▶ **TASK OBJECTIVE**
Reproduce exactly, from the data that follows, the line with "Auramania Crystal Edition: Sepeda", the line with "Samsonite Be-Her Backpack", and every line that lies between them.

▶ **DATASET EXCERPTS**
---------------

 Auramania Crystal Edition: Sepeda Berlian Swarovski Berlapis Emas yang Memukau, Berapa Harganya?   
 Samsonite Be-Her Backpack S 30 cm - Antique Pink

---------------

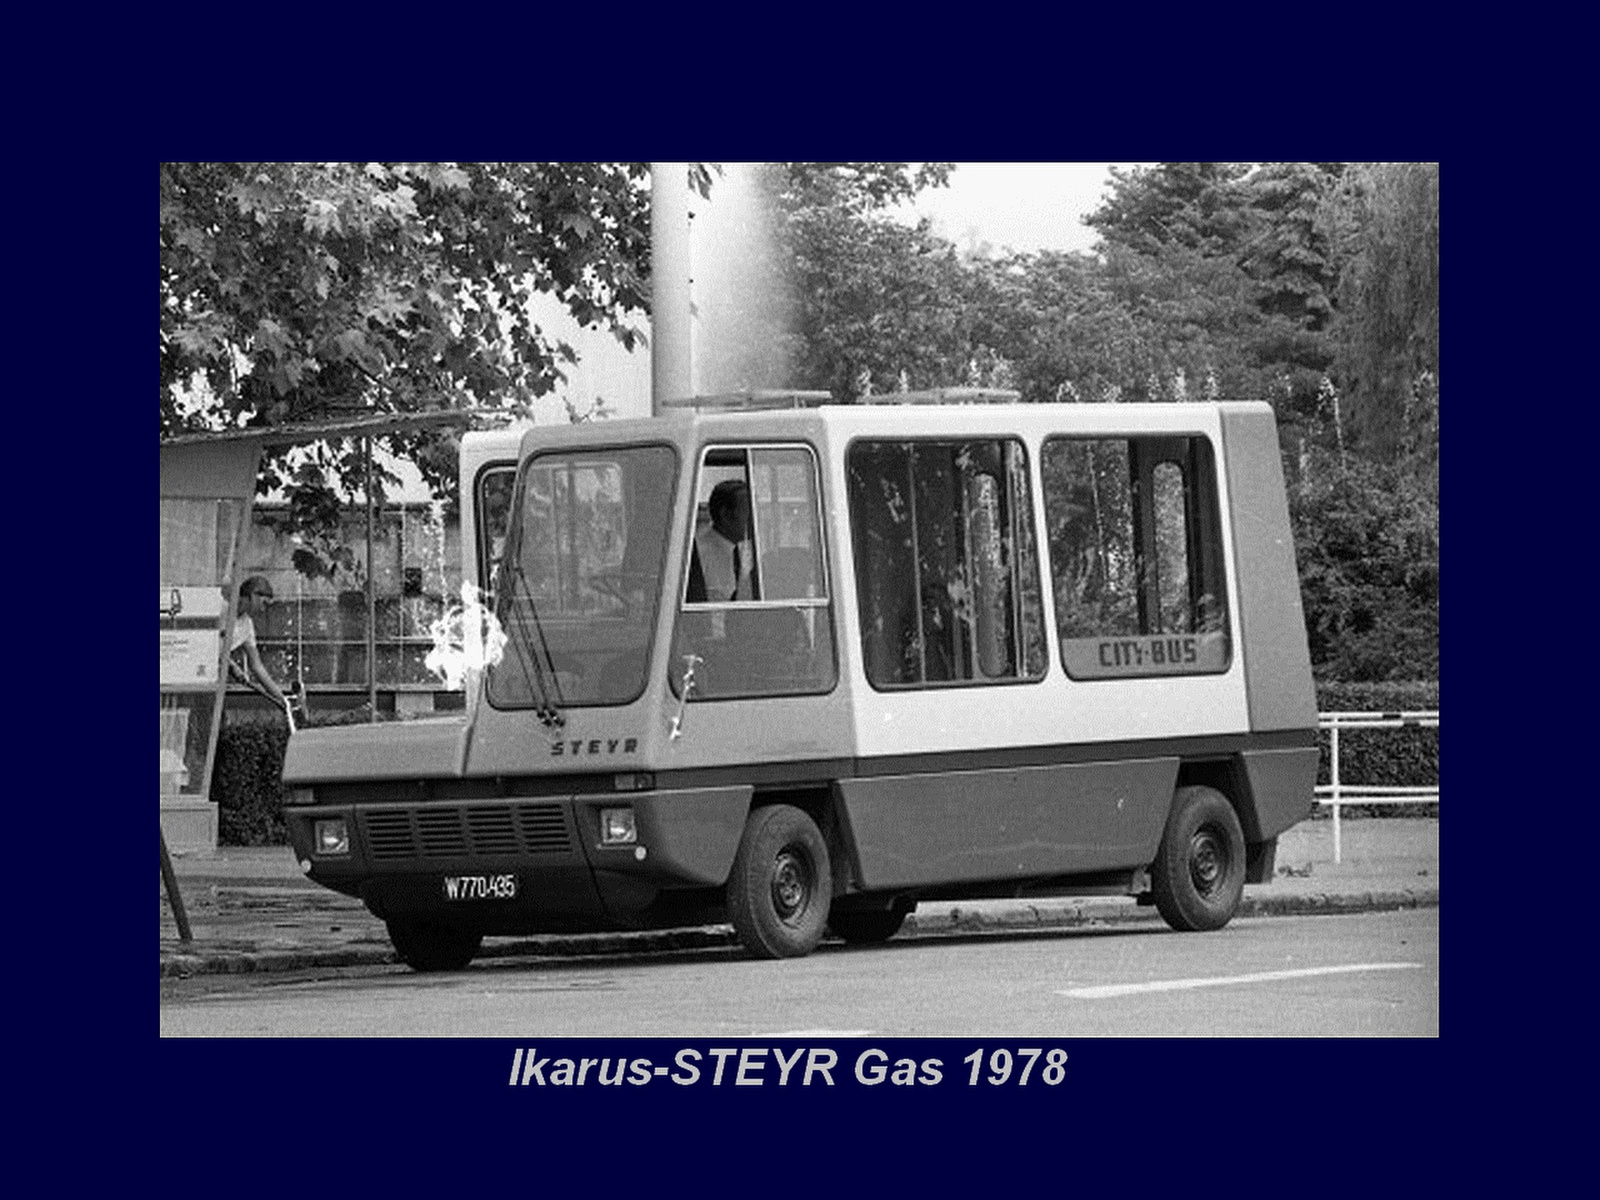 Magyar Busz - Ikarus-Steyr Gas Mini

---------------

▶ **TASK RESPONSE**
 Auramania Crystal Edition: Sepeda Berlian Swarovski Berlapis Emas yang Memukau, Berapa Harganya?   
 Samsonite Be-Her Backpack S 30 cm - Antique Pink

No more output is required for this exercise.